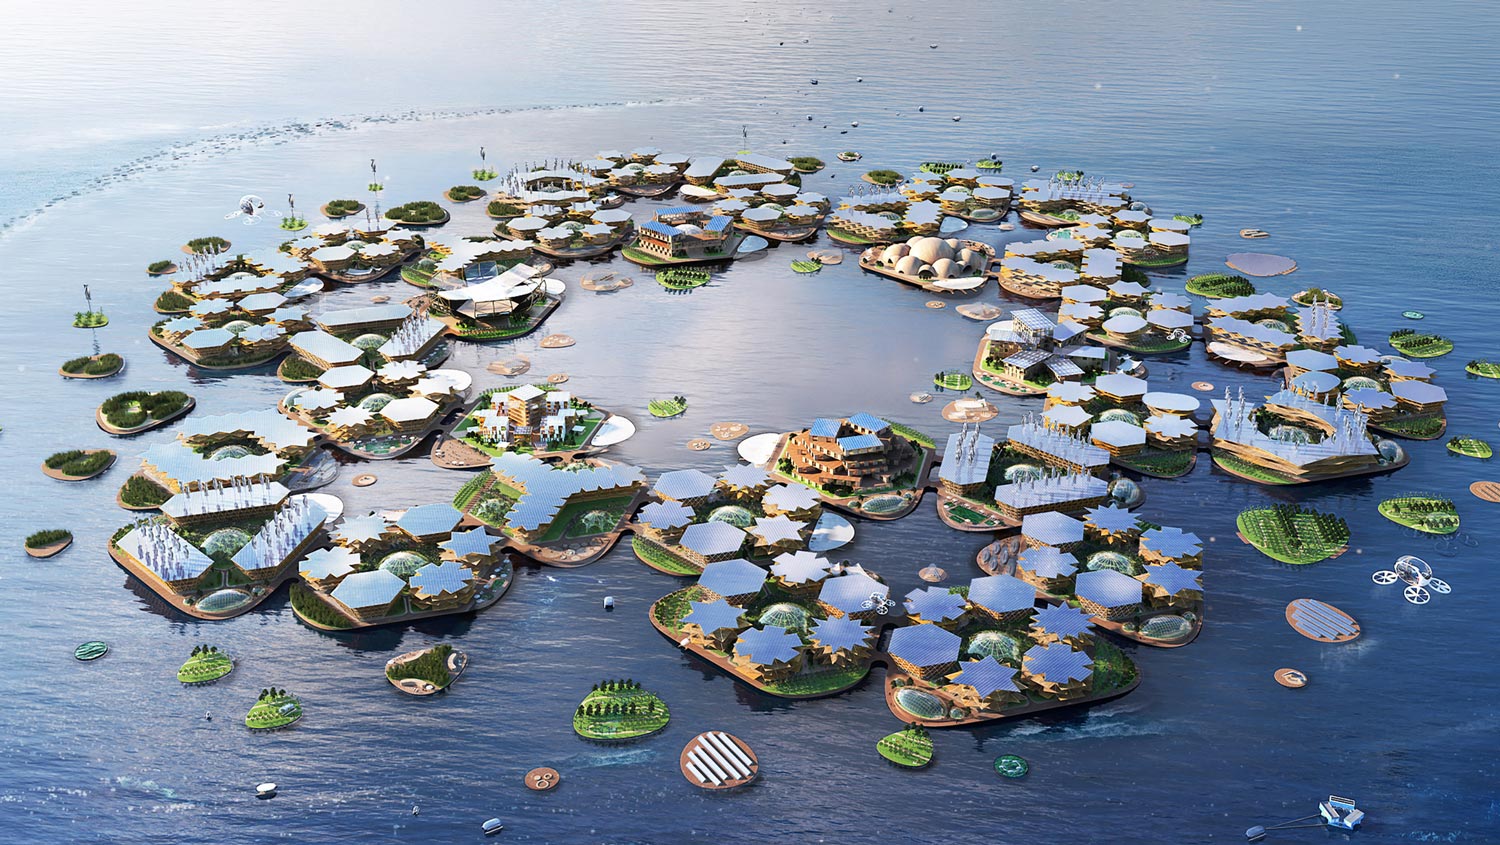 oceanix-city-floating-big-un-habitat-mit_hero.jpg
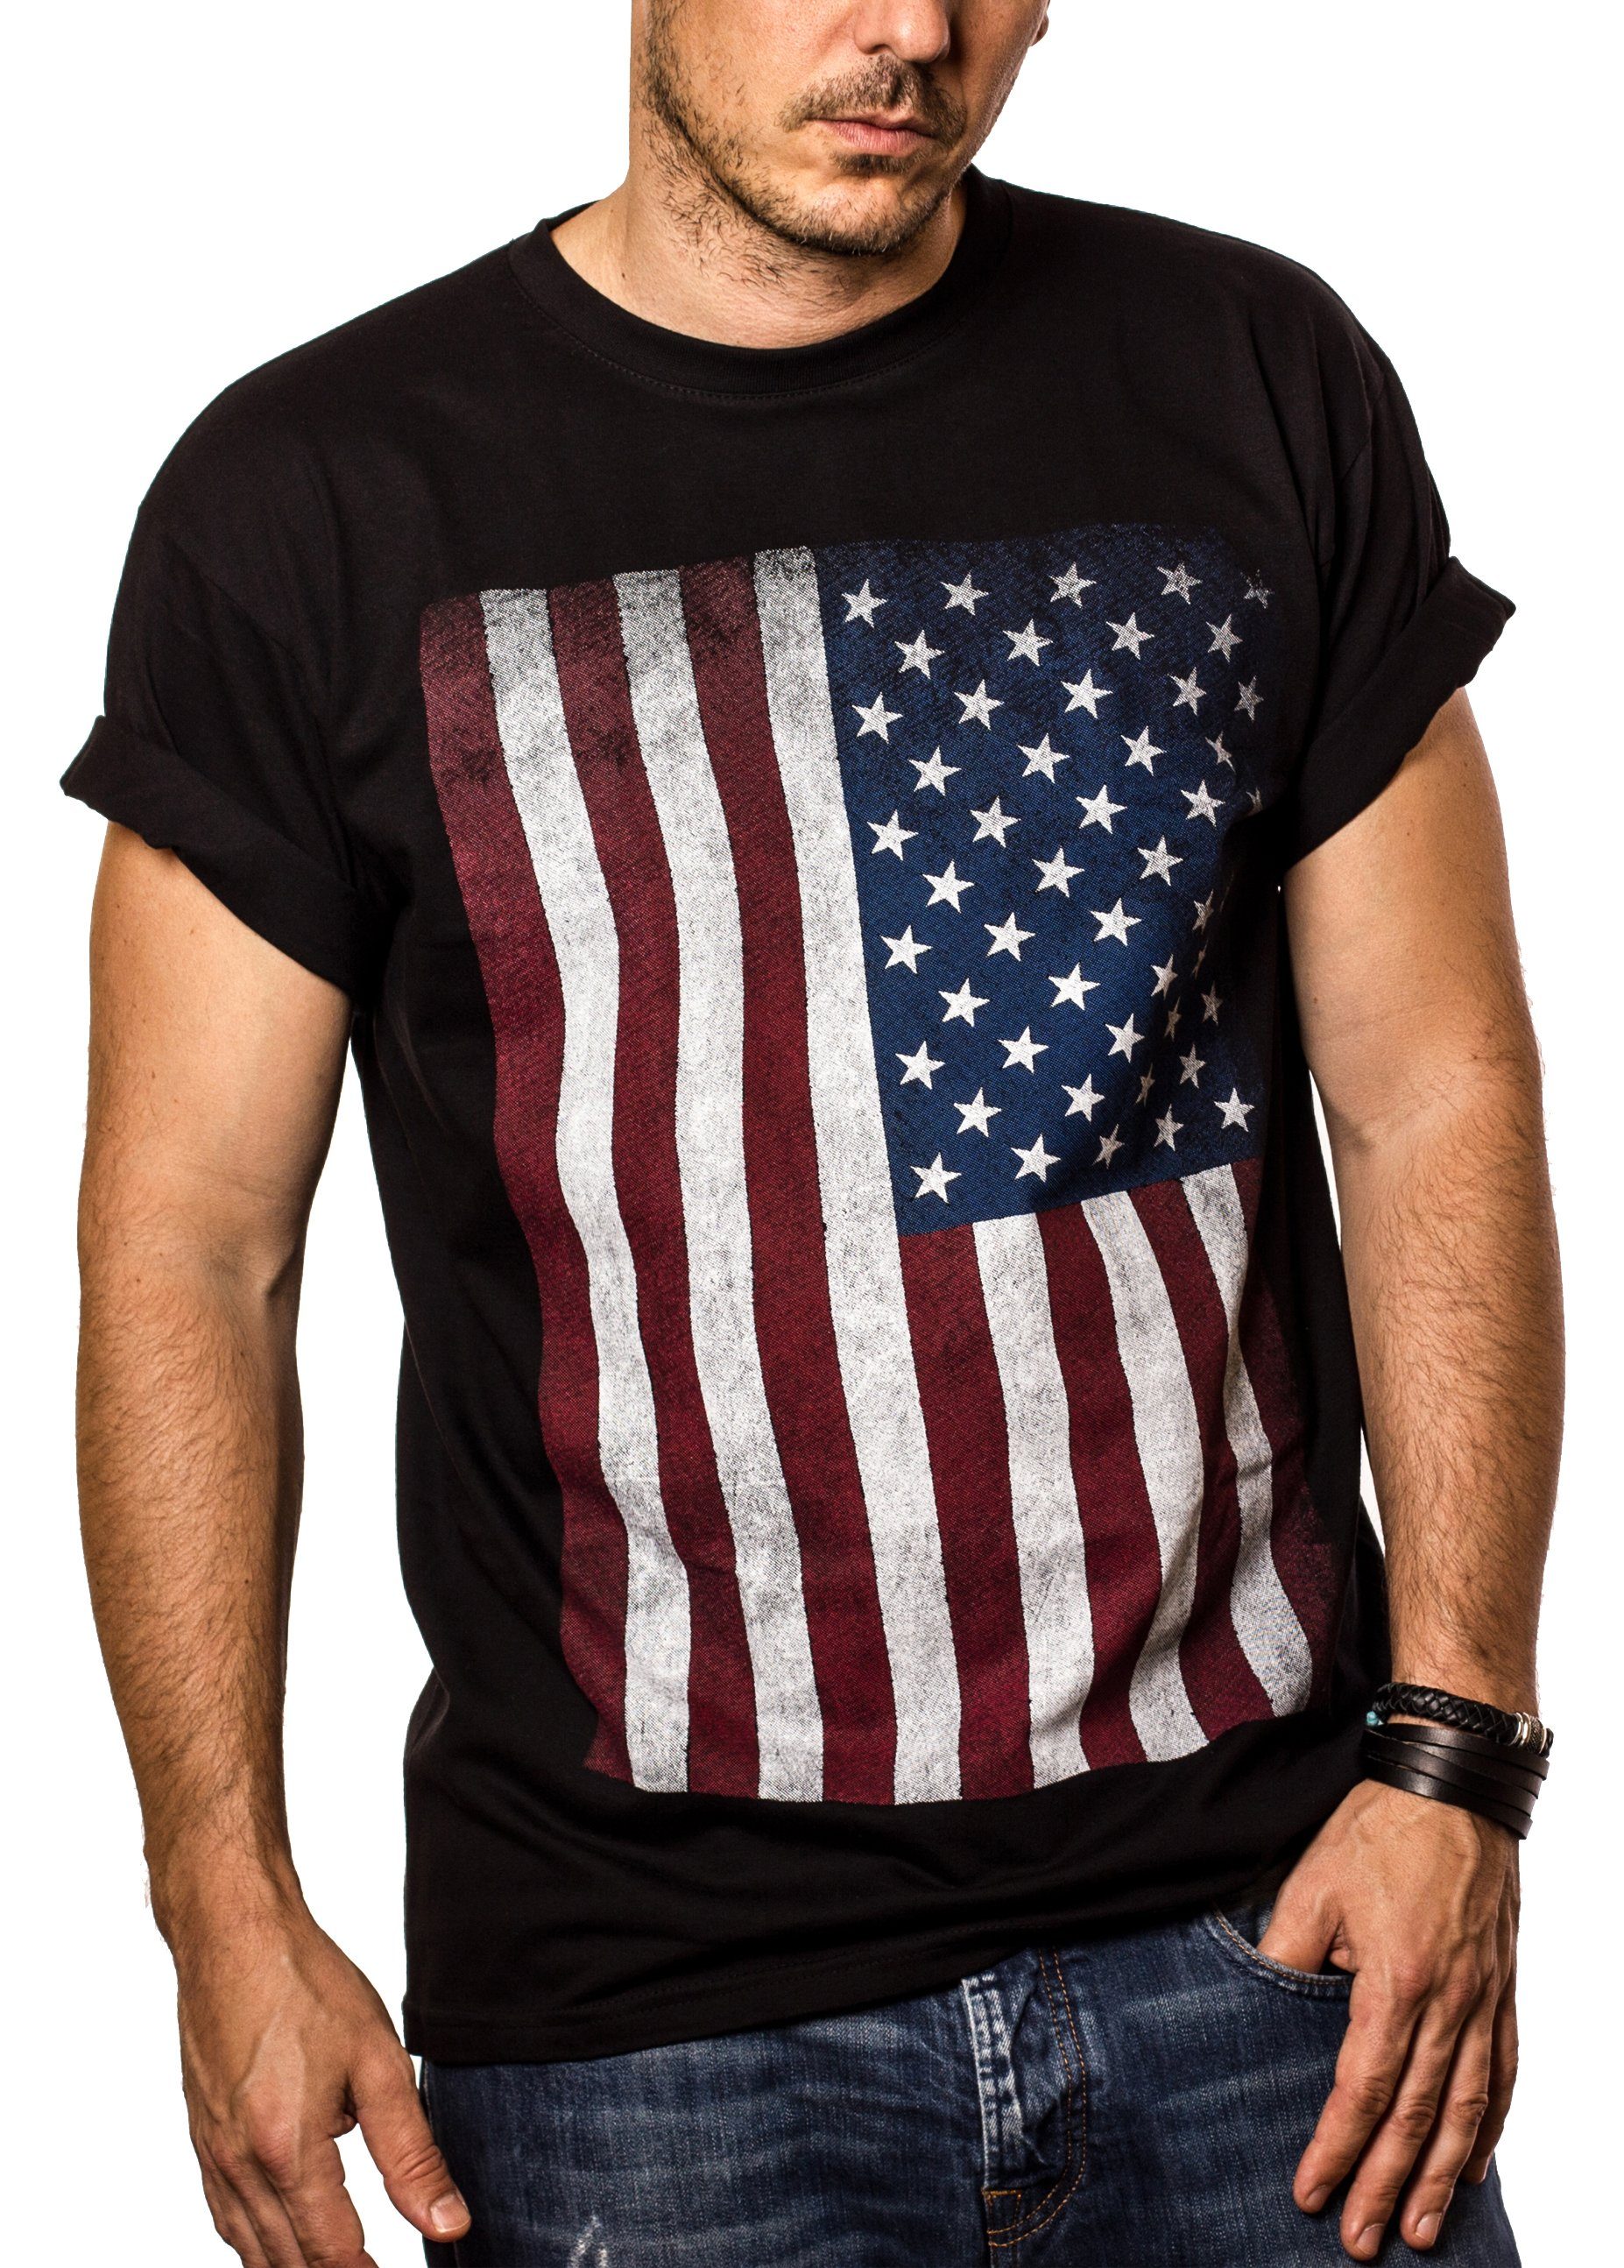 Druck, Army MAKAYA Fahne US Vintage Amerika T-Shirt Männer aus Print-Shirt Armee Schwarz USA Flagge Herren mit Baumwolle
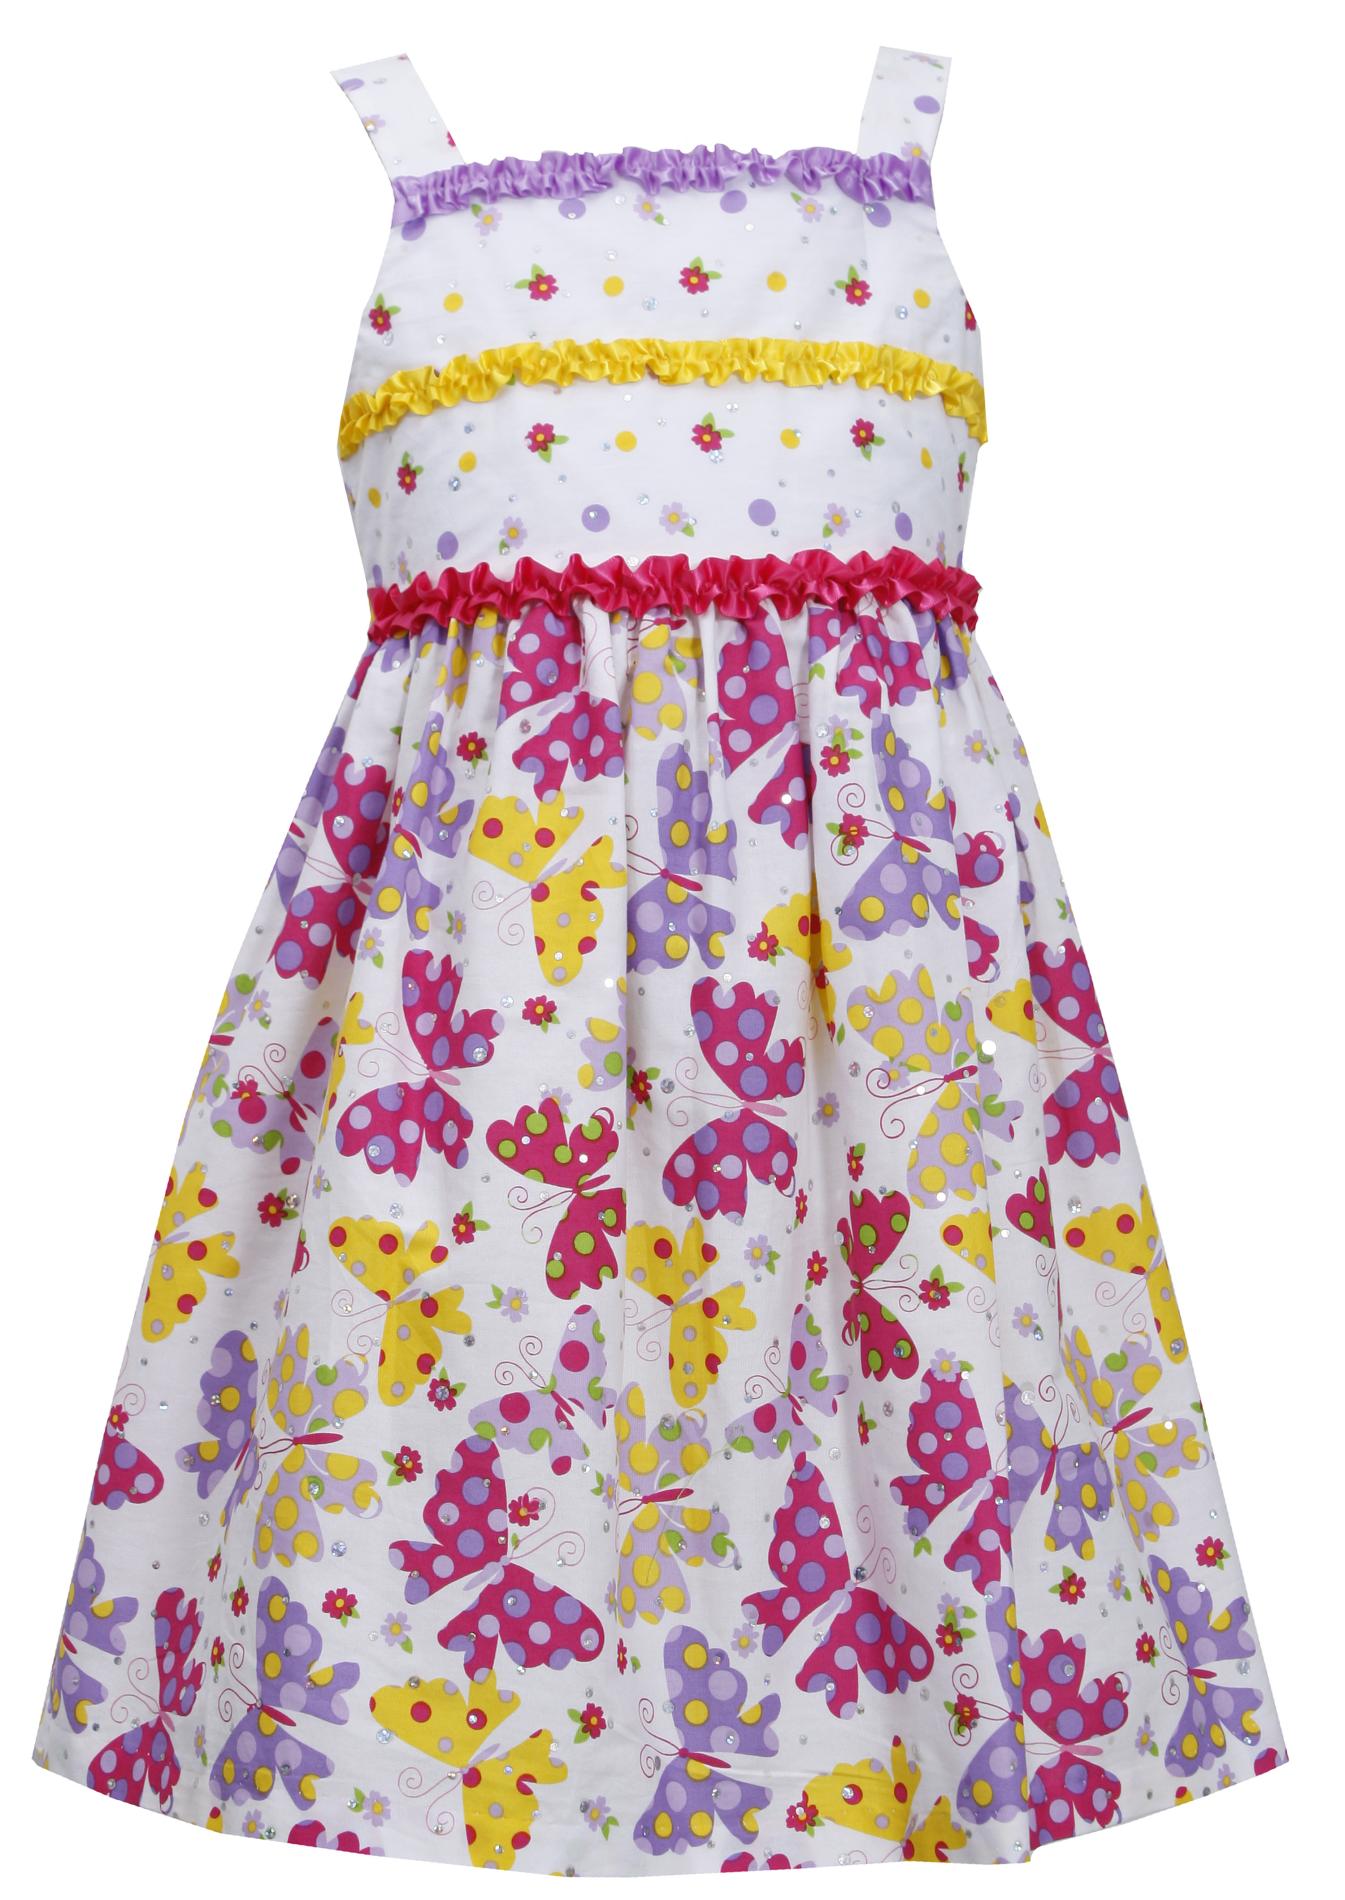 Ashley Ann Girl's Sleeveless Dress - Polka-Dot Butterflies
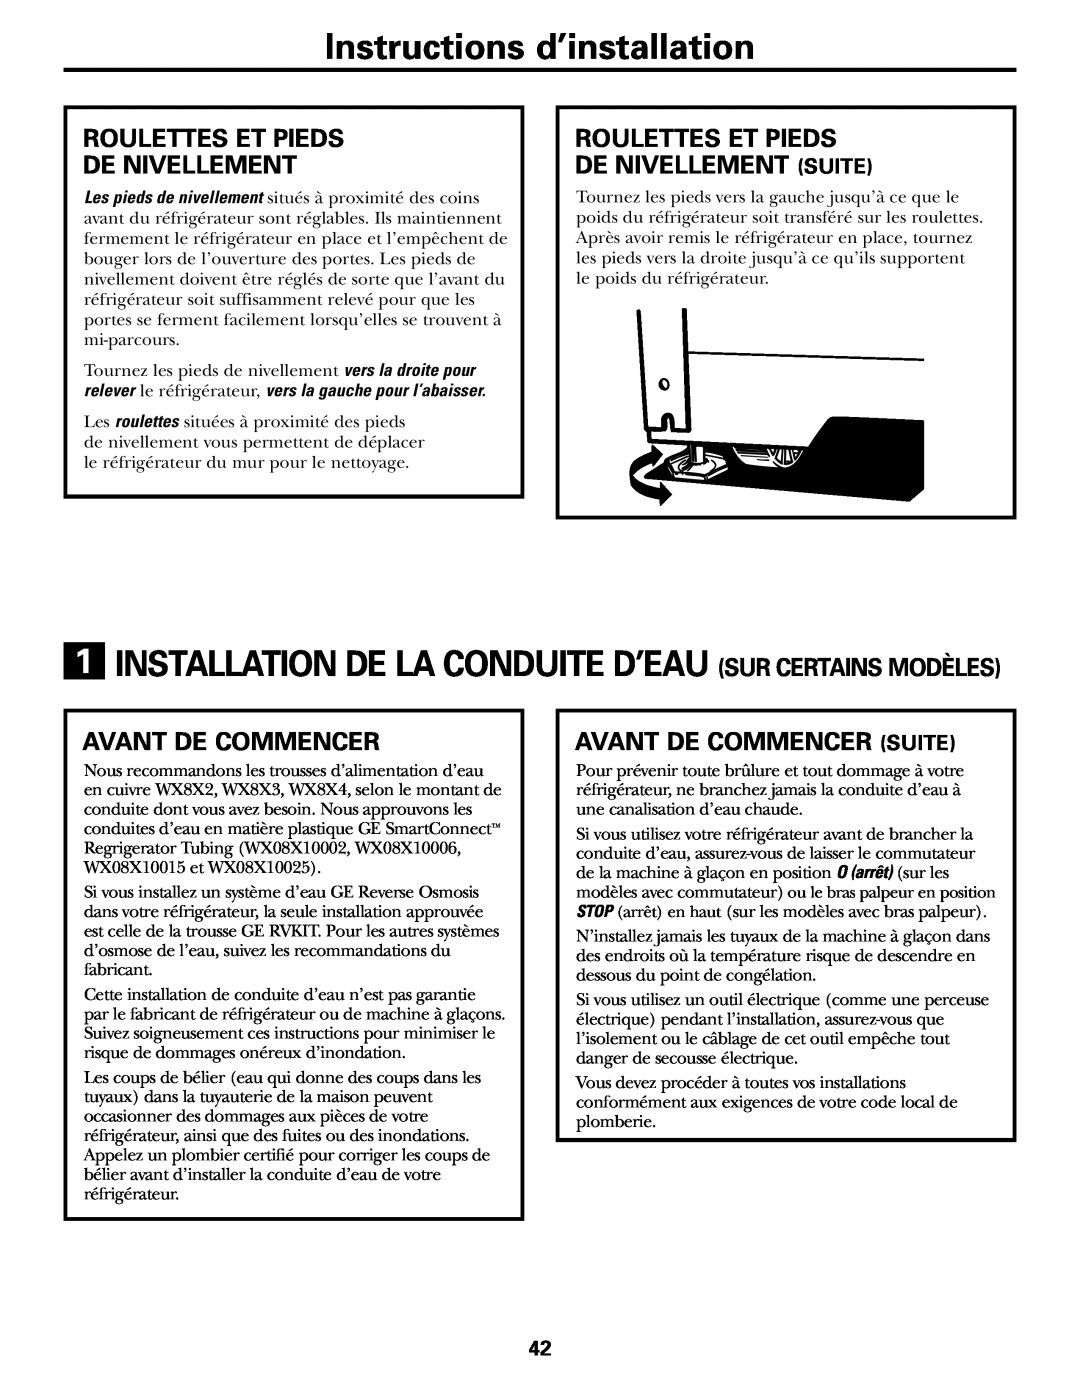 GE 17 operating instructions Instructions d’installation, Roulettes Et Pieds De Nivellement Suite, Avant De Commencer

## Task item
Repeat all the data as it stands, dropping any images it holds.

## Solution
 oceanix-city-floating-big-un-habitat-mit_hero.jpg
 Druck, Army MAKAYA Fahne US Vintage Amerika T-Shirt Männer aus Print-Shirt Armee Schwarz USA Flagge Herren mit Baumwolle
 Ashley Ann Girl's Sleeveless Dress - Polka-Dot Butterflies
 GE 17 operating instructions Instructions d’installation, Roulettes Et Pieds De Nivellement Suite, Avant De Commencer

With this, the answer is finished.